Formado em Psicologia, Sérgio realizou estudo sobre como a diversidade social de cada indivíduo é percebida por ele próprio e afeta a sua autoestima, o seu autoconceito e a sua autoimagem, além de analisar os efeitos da discriminação e da desigualdade sobre tais conceitos. O pesquisador usa a metáfora dos espelhos inversos para expressar “como qualquer pessoa que se diferencia da norma, do normal, dentro de uma sociedade fundamentalmente excludente e preconceituosa e discriminante, se vê no espelho”. Ou seja, como as pessoas que sofrem preconceitos e marginalização por serem diferentes do padrão social se vêem e se sentem em relação a si mesmas e à sociedade.
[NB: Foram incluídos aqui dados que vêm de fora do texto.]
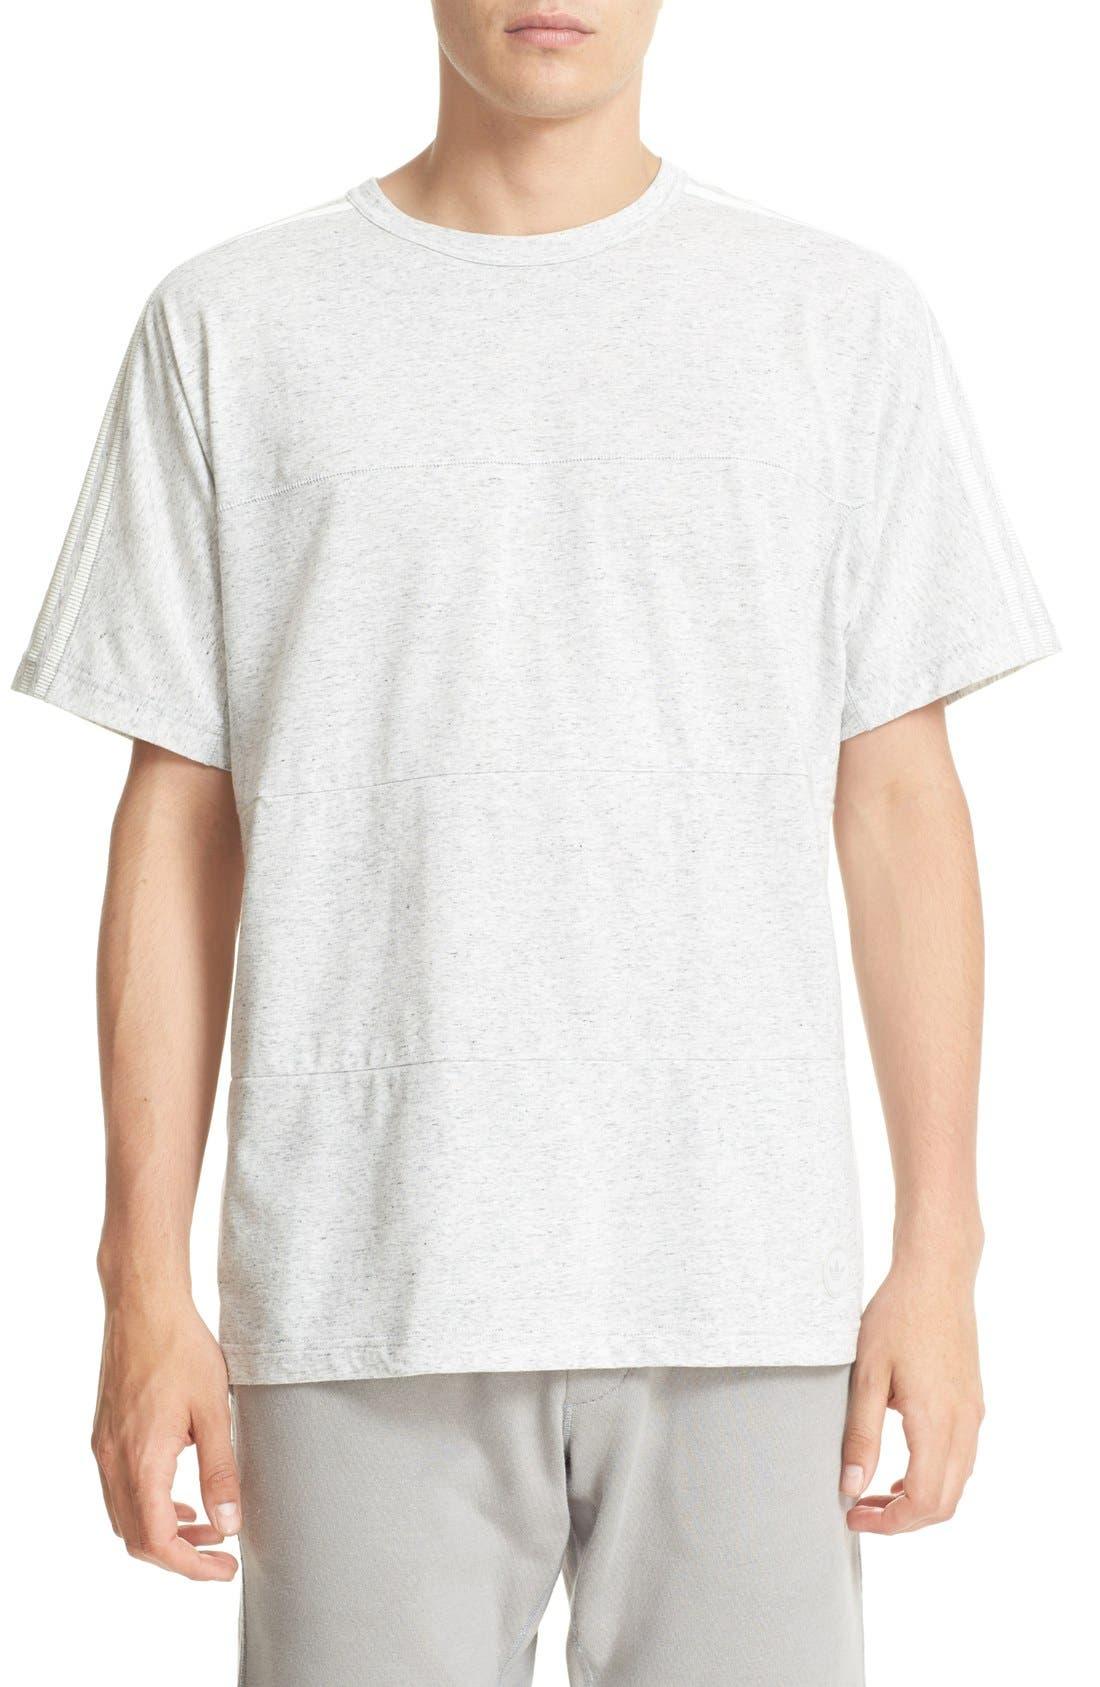 Cotton Blend T-Shirt,                         Main,                         color, Off White

Como nos percebemos diante do mundo?
Os três conceitos discutidos na pesquisa são a autoestima, a autoimagem e o autoconceito. São conceitos-chave utilizados pelo pesquisador para responder à seguinte pergunta: como a sociedade influencia na forma que cada pessoa constrói a sua identidade?
O orientador da dissertação explica que a autoestima diz respeito às avaliações que o sujeito faz sobre si mesmo. De acordo com o docente, é o quanto uma pessoa se considera capaz, importante e valiosa e isso “pode traduzir como ela reivindica seu espaço no mundo”.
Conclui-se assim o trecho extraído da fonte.